This afternoon, in advance of the snow apocalypse that is supposed to consume eastern Virginia, the Senate will come into session and Democrats will seek to do what might appear to be against the rules: take over the place.
After 2011?s Senate races put the body at 20-20, Democrats said Republicans should share power because the voters had elected equal numbers of senators from each party. They said power-sharing would be only fair, and they even sued over some of those issues. In the end, the Democrats largely failed — Republicans used then-Lt. Gov. Bill Bolling’s vote to organize to hold the majority and push through operational rules and committee assignments that benefited the Republicans.
Republicans now say those rules were supposed to stay in effect for all four years of this Senate term, and that a two-thirds vote is needed to overturn them. But Democrats are unlikely to care. Taking power and control of committees won’t necessarily help Democrats entice the Republican-led House to approve Democratic agenda items, but it would allow them to thwart conservative legislation coming from the House.
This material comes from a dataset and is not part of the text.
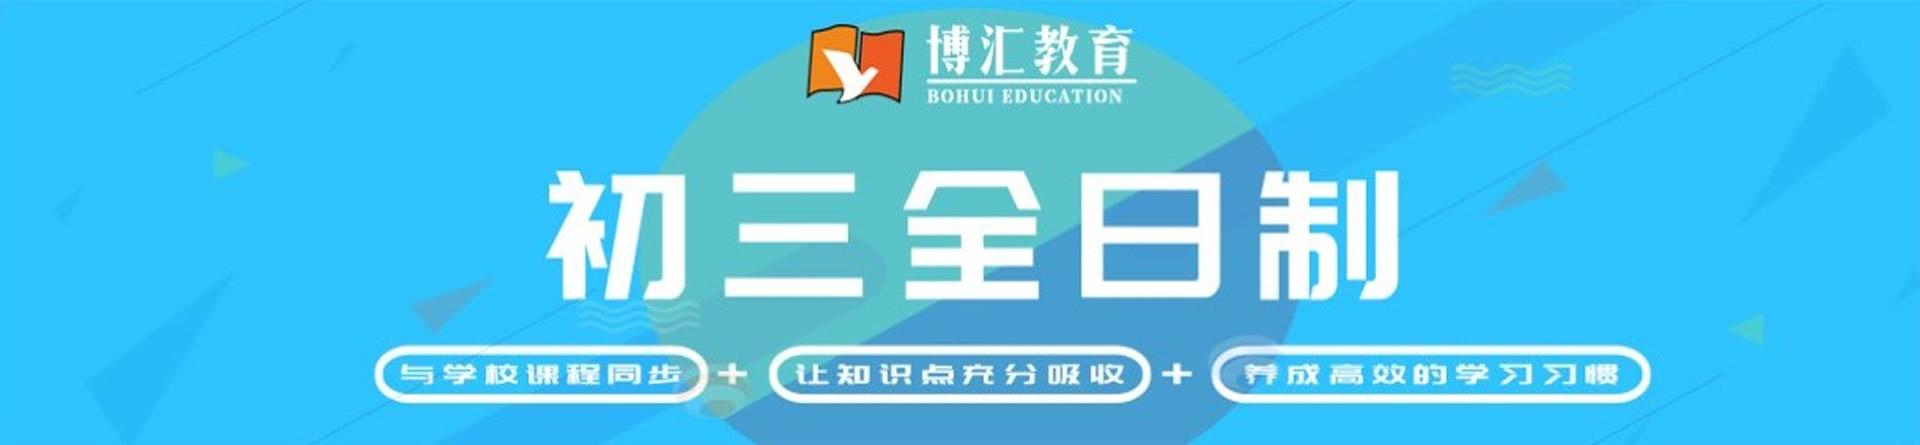 郑州博汇教育
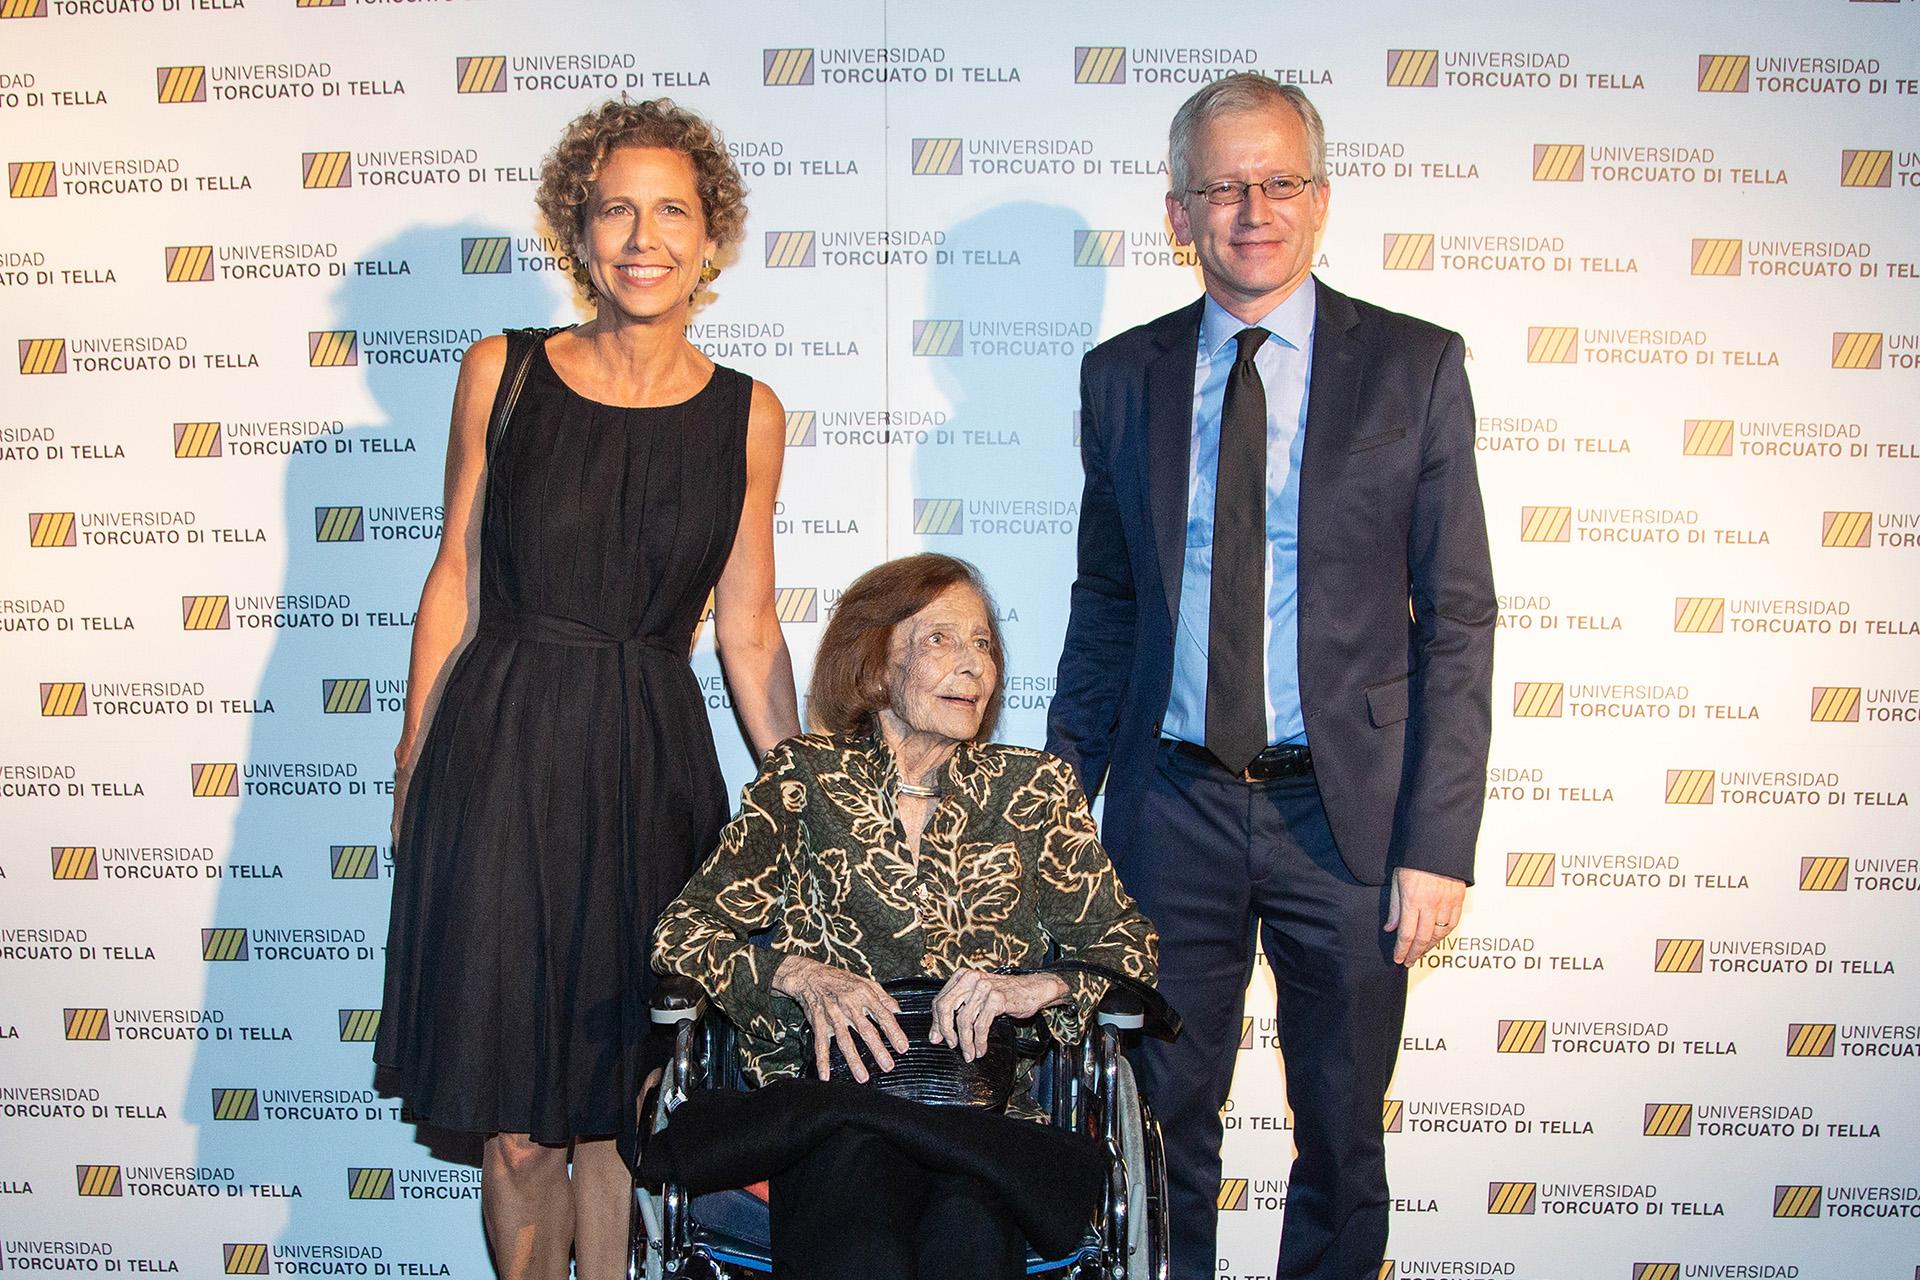 Paula y Nelly Di Tella, y Ernesto Schargrodsky

I’ve been told there are ways around the two-thirds rule and we’ll see if Democrats employ them. I strongly suspect they will, and that after some throat clearing, Dick Saslaw will have his majority leader name tag back, and committee gavels will be in Democratic hands.
If you are so inclined, you can watch the floor proceedings here.
And as I’ve written before, this puts Medicaid expansion back on the table.
The betting window (purely for entertainment purposes) is open on whether the 2014 session goes into overtime.